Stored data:

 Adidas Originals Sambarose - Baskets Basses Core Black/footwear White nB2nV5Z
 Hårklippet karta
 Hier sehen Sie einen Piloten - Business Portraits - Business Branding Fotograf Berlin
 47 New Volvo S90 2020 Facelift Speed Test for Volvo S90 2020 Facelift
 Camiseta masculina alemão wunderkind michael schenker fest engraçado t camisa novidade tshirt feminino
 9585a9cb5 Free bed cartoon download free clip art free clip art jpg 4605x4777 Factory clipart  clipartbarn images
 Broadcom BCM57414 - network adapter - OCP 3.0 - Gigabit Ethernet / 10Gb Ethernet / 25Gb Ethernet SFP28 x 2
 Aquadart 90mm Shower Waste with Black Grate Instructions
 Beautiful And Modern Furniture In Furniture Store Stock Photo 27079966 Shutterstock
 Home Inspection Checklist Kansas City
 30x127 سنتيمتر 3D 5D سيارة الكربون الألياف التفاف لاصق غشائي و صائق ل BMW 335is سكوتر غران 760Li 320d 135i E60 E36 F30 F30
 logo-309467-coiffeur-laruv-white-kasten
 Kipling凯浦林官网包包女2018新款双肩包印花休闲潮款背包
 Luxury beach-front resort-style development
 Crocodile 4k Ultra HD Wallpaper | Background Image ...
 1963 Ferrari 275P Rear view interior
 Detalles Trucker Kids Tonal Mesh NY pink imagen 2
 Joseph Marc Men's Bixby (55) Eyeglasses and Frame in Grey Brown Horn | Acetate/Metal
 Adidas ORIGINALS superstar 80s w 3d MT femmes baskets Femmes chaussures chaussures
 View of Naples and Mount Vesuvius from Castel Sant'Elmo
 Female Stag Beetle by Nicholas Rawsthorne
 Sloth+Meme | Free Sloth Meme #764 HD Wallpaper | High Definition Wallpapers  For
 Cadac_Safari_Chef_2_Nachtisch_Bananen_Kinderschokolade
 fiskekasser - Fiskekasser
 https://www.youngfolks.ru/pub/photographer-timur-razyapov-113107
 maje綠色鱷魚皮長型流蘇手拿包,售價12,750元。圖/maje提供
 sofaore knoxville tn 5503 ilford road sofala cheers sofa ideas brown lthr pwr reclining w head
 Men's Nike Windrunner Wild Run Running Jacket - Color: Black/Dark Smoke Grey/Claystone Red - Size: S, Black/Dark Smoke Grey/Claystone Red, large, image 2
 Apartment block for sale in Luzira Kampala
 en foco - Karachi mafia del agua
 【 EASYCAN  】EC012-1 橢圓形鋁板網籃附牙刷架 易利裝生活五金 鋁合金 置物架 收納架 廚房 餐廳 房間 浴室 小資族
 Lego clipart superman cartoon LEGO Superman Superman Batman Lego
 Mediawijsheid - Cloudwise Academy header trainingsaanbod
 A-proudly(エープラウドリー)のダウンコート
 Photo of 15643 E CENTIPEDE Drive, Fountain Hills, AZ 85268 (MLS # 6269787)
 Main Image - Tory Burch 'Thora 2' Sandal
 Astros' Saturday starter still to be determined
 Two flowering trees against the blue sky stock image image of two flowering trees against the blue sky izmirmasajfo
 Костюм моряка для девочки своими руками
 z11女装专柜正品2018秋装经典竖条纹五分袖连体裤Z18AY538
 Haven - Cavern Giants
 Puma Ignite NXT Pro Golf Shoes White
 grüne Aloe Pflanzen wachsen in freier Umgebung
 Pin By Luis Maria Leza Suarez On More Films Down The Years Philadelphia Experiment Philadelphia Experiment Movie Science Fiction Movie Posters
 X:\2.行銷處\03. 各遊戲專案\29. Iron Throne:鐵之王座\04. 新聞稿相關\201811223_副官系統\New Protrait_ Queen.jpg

→ **Your instructions**
Send back exactly the lines from the line with "Puma Ignite NXT Pro Golf Shoes White" through the end of the records.

→ **Solution**
 Puma Ignite NXT Pro Golf Shoes White
 grüne Aloe Pflanzen wachsen in freier Umgebung
 Pin By Luis Maria Leza Suarez On More Films Down The Years Philadelphia Experiment Philadelphia Experiment Movie Science Fiction Movie Posters
 X:\2.行銷處\03. 各遊戲專案\29. Iron Throne:鐵之王座\04. 新聞稿相關\201811223_副官系統\New Protrait_ Queen.jpg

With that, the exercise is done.